She Has Her Mother's Laugh: The Powers, Perversions, and Potential of Heredity (35 page)

“I mentioned it to an Officer,” Reverend Wasse reported, “and thereby
kept some Persons from being turn'd out of the Service.”

The military's cherishing of height helped endow it with a moral value. Tallness turned into a sign of virtue and nobility. The fact that highborn boys ended up taller than lowborns seemed no coincidence.
In England, the gap was staggering: At the end of the eighteenth century, the wealthy sixteen-year-old boys who went to the military school at Sandhurst were nearly nine inches taller than the poor boys of the same age entering the Marine Society.

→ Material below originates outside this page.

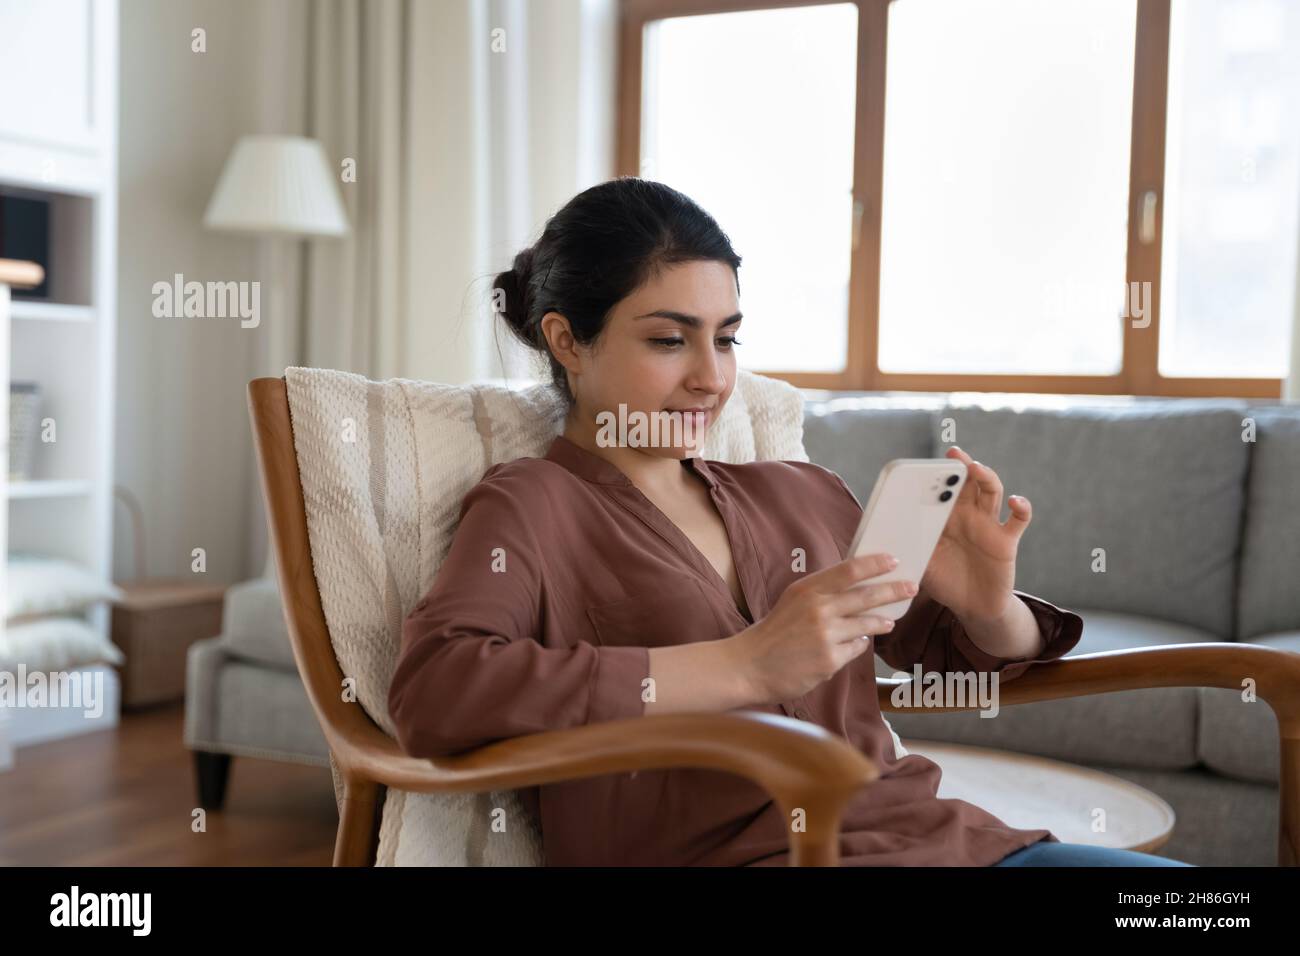 Jeune femme indienne décontractée utilisant un téléphone portable, assise dans un fauteuil. Banque D'Images

At the same time, the natural philosophers of the Enlightenment began to track the growth of children, with a precision that previous generations
hadn't bothered with. The first data came from a French nobleman named Philippe Guéneau de Montbeillard. In 1759, he laid his newborn son on a table and measured him from head to toe. Every six months, except for a few gaps, he would make a new measurement of his son, switching from horizontal to vertical once the boy could stand. Montbeillard saw more than just a series of numbers in these records. They revealed an upward velocity, one that accelerated during growth spurts and later dwindled to zero.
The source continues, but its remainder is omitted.